THE PROBLEM
Wherever a picture appears, skip it and retype the rest of the data exactly.

--- SUPPLIED DATA Enclosed Below ---

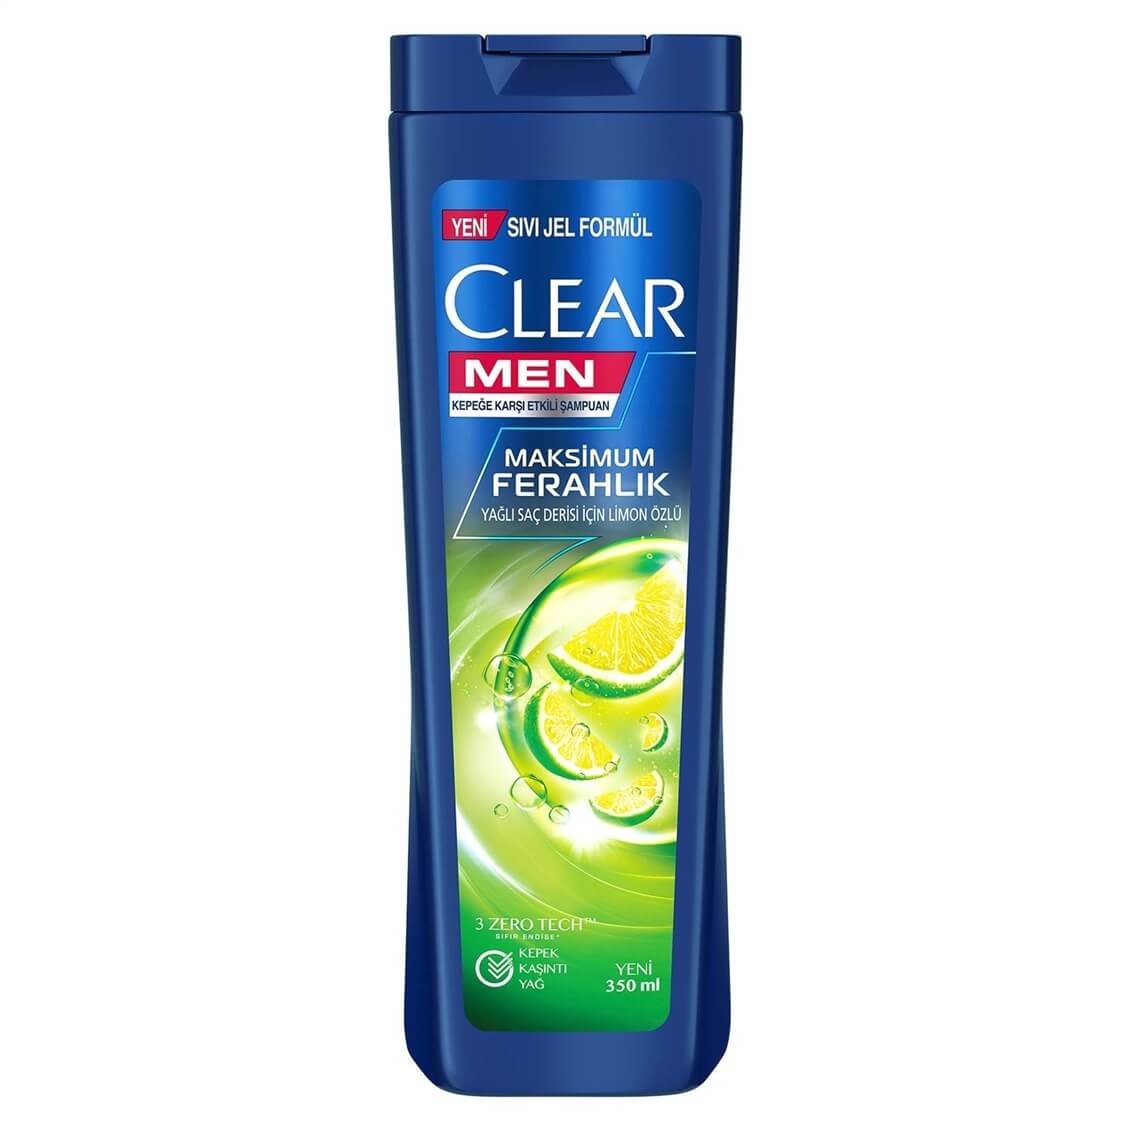 Clear Men Kepeğe Karşı Etkili Şampuan Maksimum Ferahlık Yağlı Saç Derisi  İçin Limon Özlü 350 ml - Onur Market
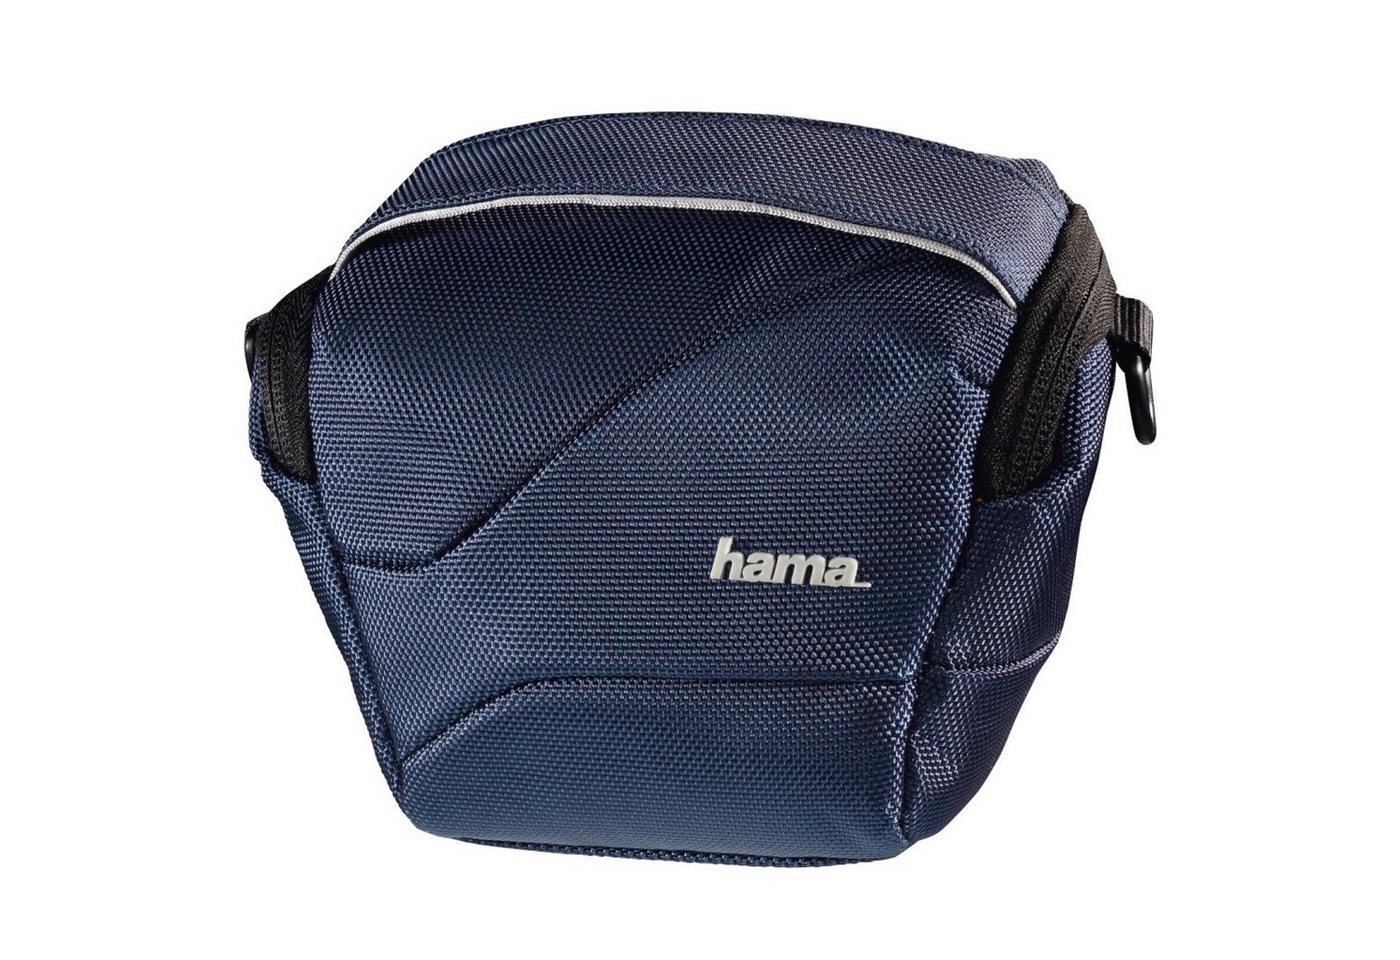 Hama Kameratasche Kamera-Tasche Seattle Colt 80 Blau Foto-Tasche Etui, für Systemkamera Bridge-Kamera, Gürtel-Schlaufe, weiches Innenfutter von Hama
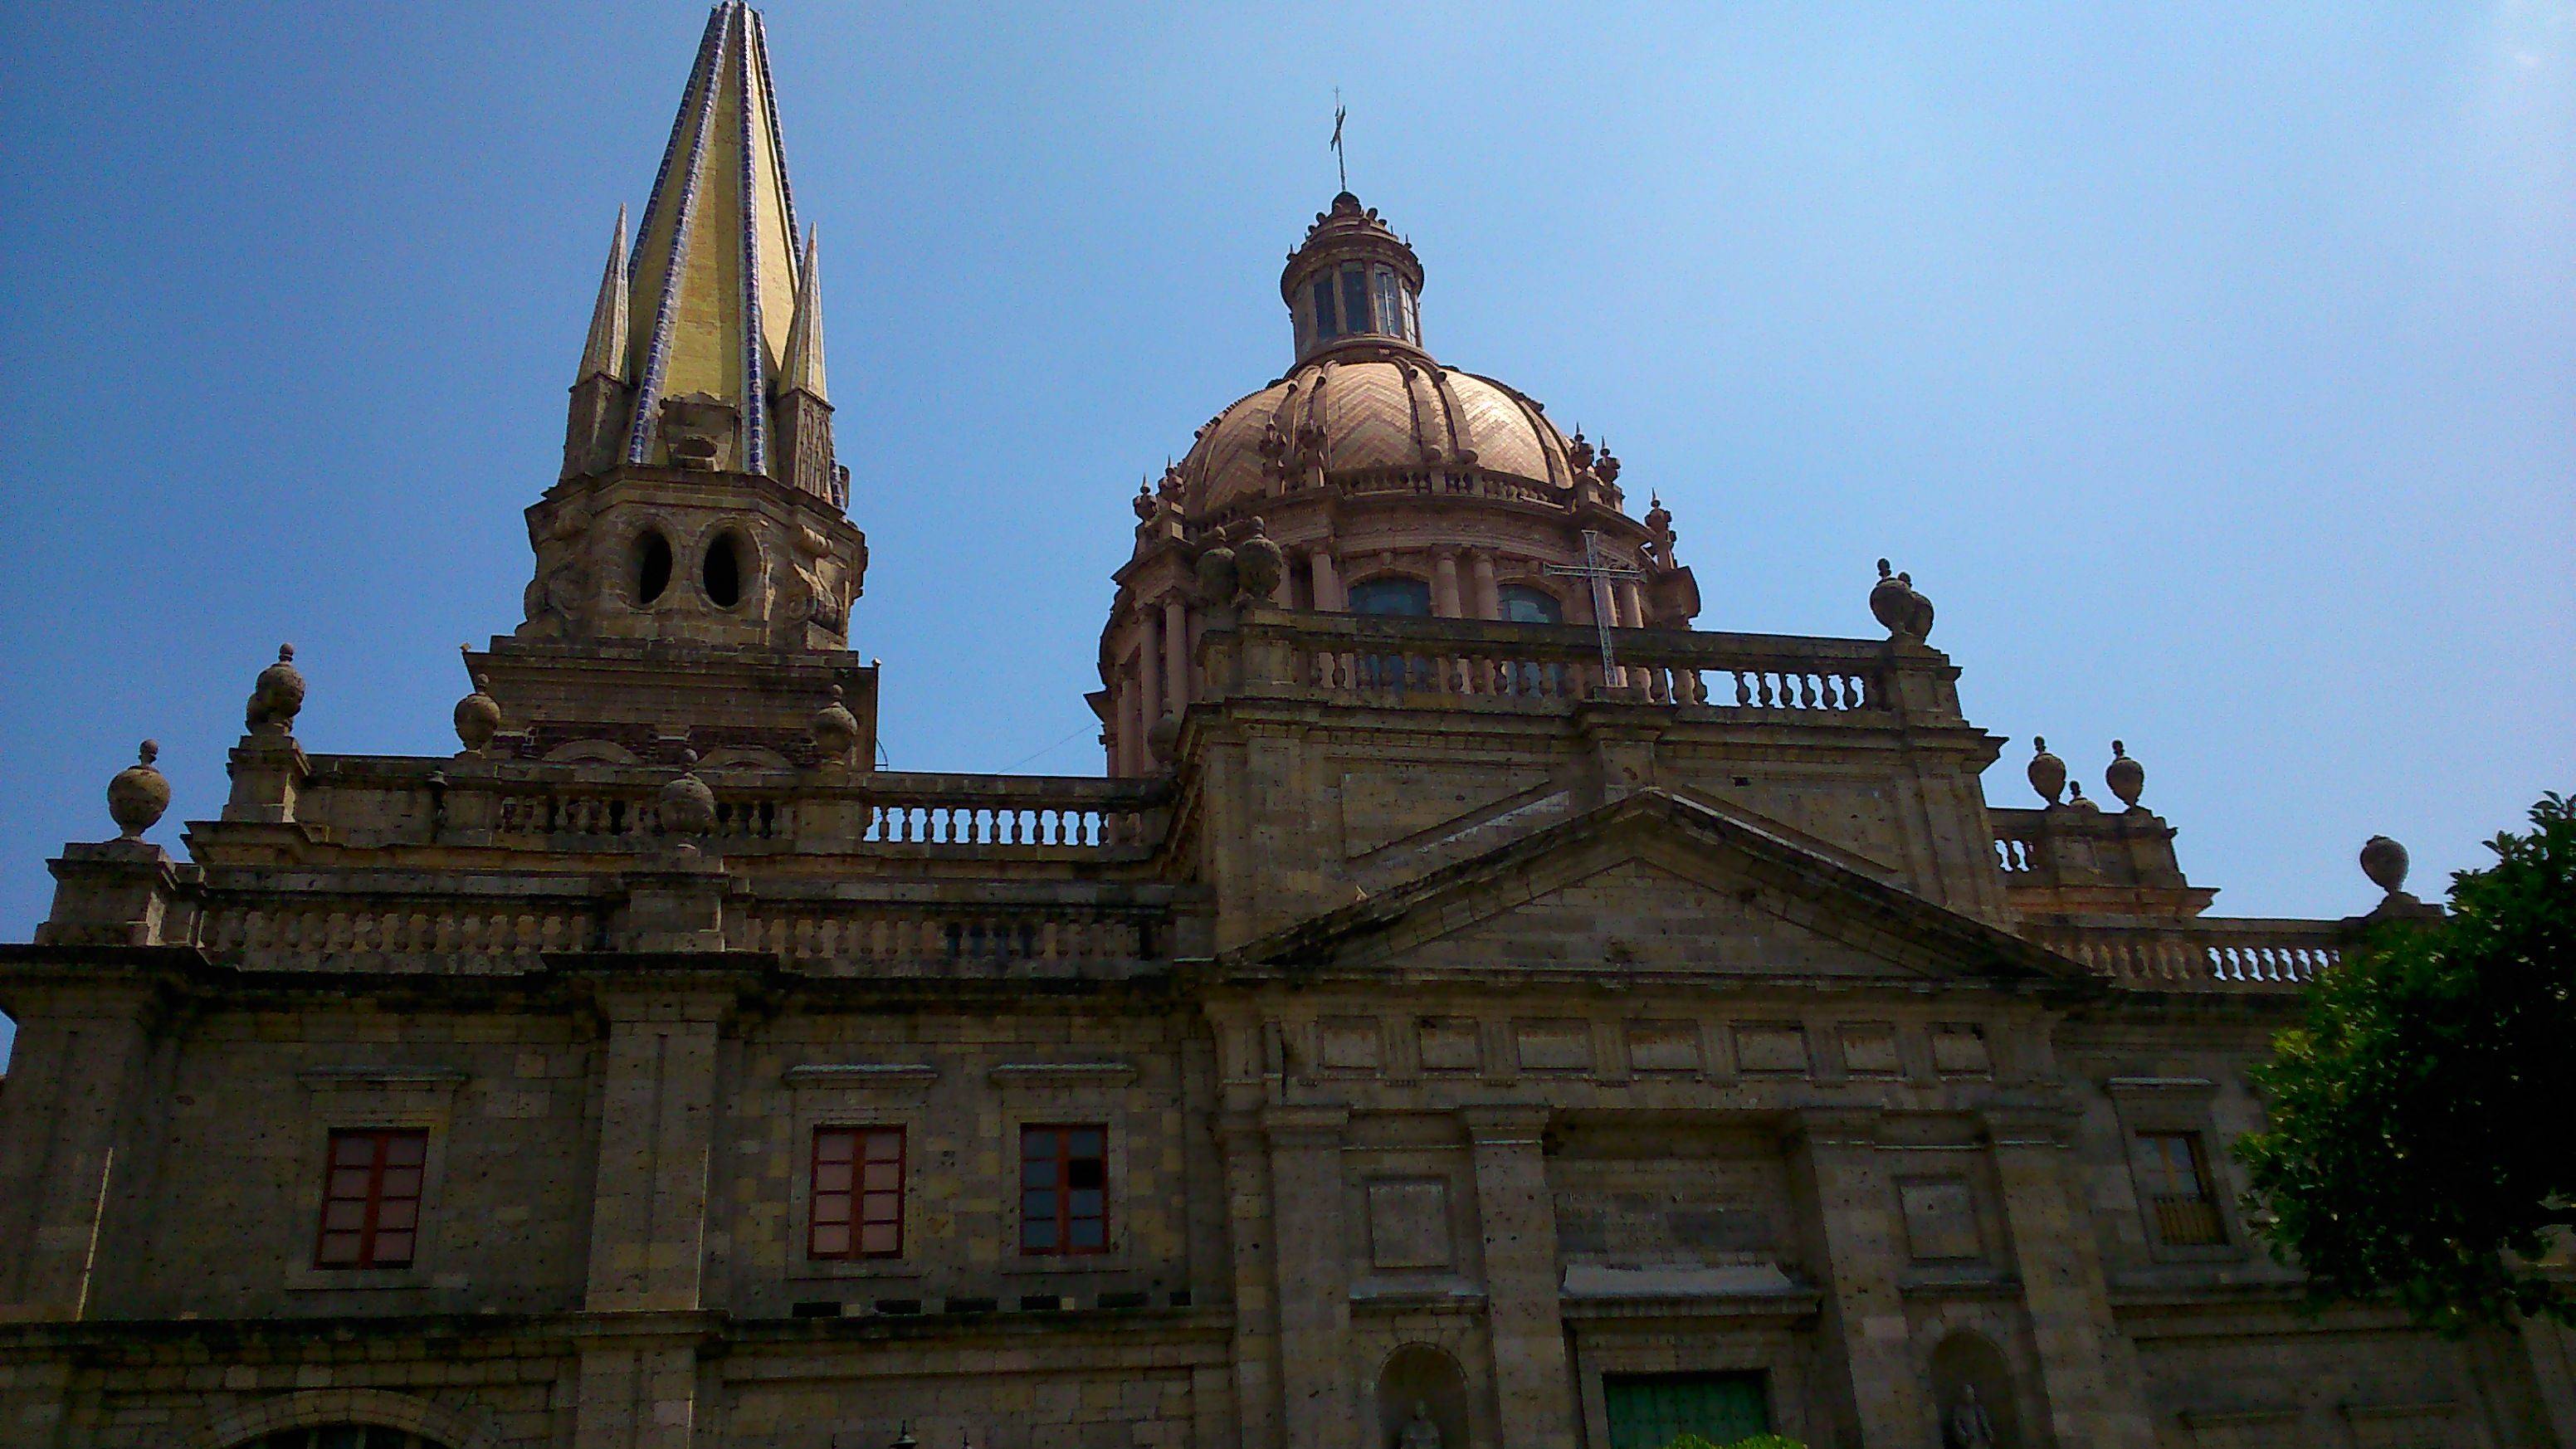 Trasferimento a Guadalajara de Buga e visita del lago Calima

--- End of Enclosed SUPPLIED DATA ---

SOLUTION FOR THIS EXERCISE
 Clear Men Kepeğe Karşı Etkili Şampuan Maksimum Ferahlık Yağlı Saç Derisi  İçin Limon Özlü 350 ml - Onur Market
 Hama Kameratasche Kamera-Tasche Seattle Colt 80 Blau Foto-Tasche Etui, für Systemkamera Bridge-Kamera, Gürtel-Schlaufe, weiches Innenfutter von Hama
 Trasferimento a Guadalajara de Buga e visita del lago Calima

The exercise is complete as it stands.